Night Owls, a themed open thread, appears at Daily Kos seven days a week
Shahi Hamid at The Atlantic writes—Americans Are Losing Sight of What Fascism Means:
How do americans decide what to be outraged about? It seems like ancient history now, but that was one of the questions The New York Times inadvertently raised in June when it appended an editor’s note to an op-ed by Senator Tom Cotton—a piece that some on the Times staff saw as presenting a physical danger not only to the country but to themselves.
The op-ed called for American troops to be sent to “restore order” to cities experiencing violent protests. Outside and inside the Times, it was widely condemned as “fascist” or fascist-adjacent. More recently, though, the Times published an op-ed of a similar vein, except this time readers had the opportunity to glimpse what actual fascism looks like. Fascism, in today’s context, isn’t mere authoritarianism, but the attempt to suppress all dissent, public or private, in the name of the nation; it is the expression of a regimented society that elevates order as both the means and end of all political life.
The October 1 op-ed, by Regina Ip, a member of Hong Kong’s Executive Council, captured such sentiments well. Ip laid out the case for a new Chinese-backed security law that would effectively criminalize anything that might be perceived as “subversion.” Included was one of the most disturbing passages I have read in an American publication:
To some, the new national security law is especially chilling because it seems simultaneously vague and very severe. But many laws are vague, constructively so. And this one only seems severe precisely because it fills longstanding loopholes—about subversion, secession, local terrorism, collusion with external forces. One person’s “severe” is someone else’s intended effect.
This time, though, no staff revolt occurred, even though Ip’s article was an elaborate, if refreshingly frank, endorsement of real fascism.
Outrage is always selective. I could have written about something else, but I decided to write about this. The question remains: Why did readers who were infuriated by Cotton’s argument seem to shrug off Ip’s? [...]
THREE OTHER ARTICLES WORTH READING
- In the Streets with Antifa, by Luke Mogelson. Trump is vowing to designate the movement as a terrorist organization. But its supporters believe that they are protecting their communities—and that confronting fascists with violence can be justified.
- U.S. Auto Insurance Industry Admits Systemic Racism, by Eve Kessler. A new industry study reveals that auto insurers charge Black drivers with good records more than white drivers with bad records — among other racist practices.
- Even If Trump Loses, Republicans’ Authoritarian Ambitions Will Live On, by Jonathan Chait. School civics lessons have boiled democratic values down to inoffensive mush that we associate with clichés expressing supposedly universal values (“government of the people, by the people, for the people”). But democracy is a radical concept, especially in a society as unequal as ours. The tension between an economic system in which power is concentrated in a few hands and a political system in which power is distributed equally places special stress on the political forces aligned with the rich.

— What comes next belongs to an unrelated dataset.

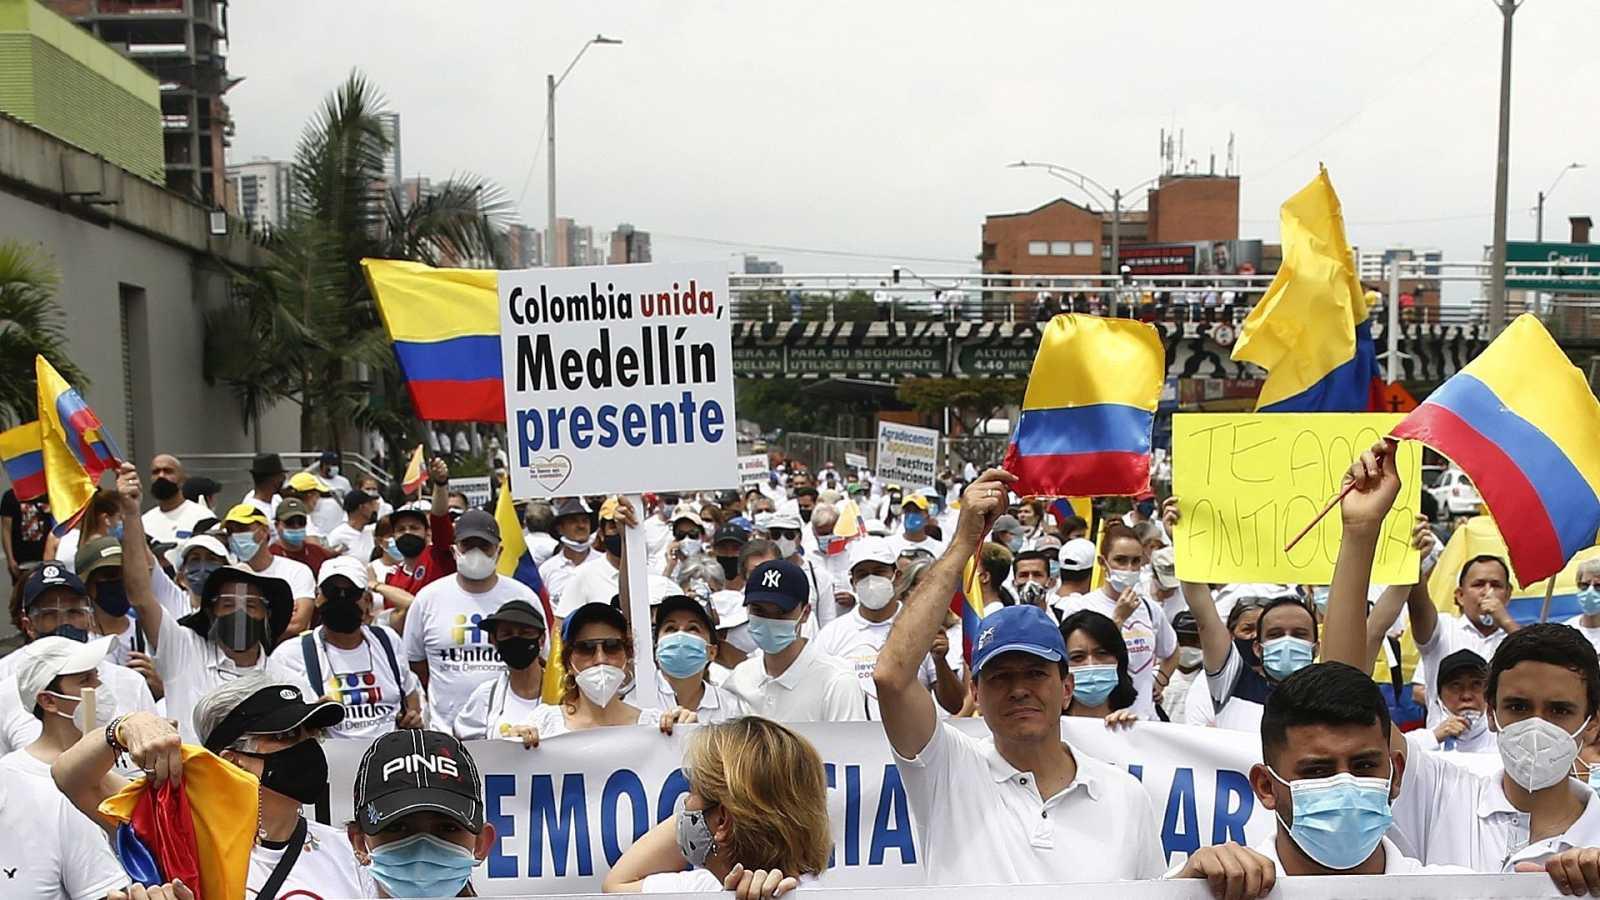 Cientos de personas participan en una marcha contra el Paro Nacional en la ciudad colombiana de Medellín.

“We have to condemn publicly the very idea that some people have the right to repress others. In keeping silent about evil, in burying it so deep within us that no sign of it appears on the surface, we are implanting it, and it will rise up a thousandfold in the future. When we neither punish nor reproach evildoers, we are not simply protecting their trivial old age, we are thereby ripping the foundations of justice from beneath new generations.”
~~Aleksandr Solzhenitsyn, The Gulag Archipelago 1918–1956 (1973)
At Daily Kos on this date in 2007—FISA: Keeping Secrets:
The administration really doesn't want the people to know what the NSA was doing and who they were spying on with their warrantless wiretaps, to the extent that they will finally release the documents that the committee subpoenaed four months ago. The Intelligence Committee has already seen these documents, and they were possibly sufficiently convincing enough for all of the Dems on the committee, excepting Wyden and Feingold, to support the FISA bill coming out of Intelligence.
The White House has offered leaders of the Senate Judiciary Committee access to legal documents related to the National Security Agency’s warrantless surveillance program, senators said Thursday.
But Senate Judiciary Chairman Patrick J. Leahy, D-Vt., said while the White House had offered the documents to both him and the panel’s ranking Republican, Arlen Specter of Pennsylvania, he was pushing for the entire committee to receive access to the documents. But he also said he would take advantage of the offer and review the documents.
As the entire Intelligence Committee, and staff, have seen the documents it seems ridiculous that the entire Judiciary Committee can't see them as well. But what's more ridiculous is the fact that the information be withheld from the American public forever, which is what telecom amnesty would mean.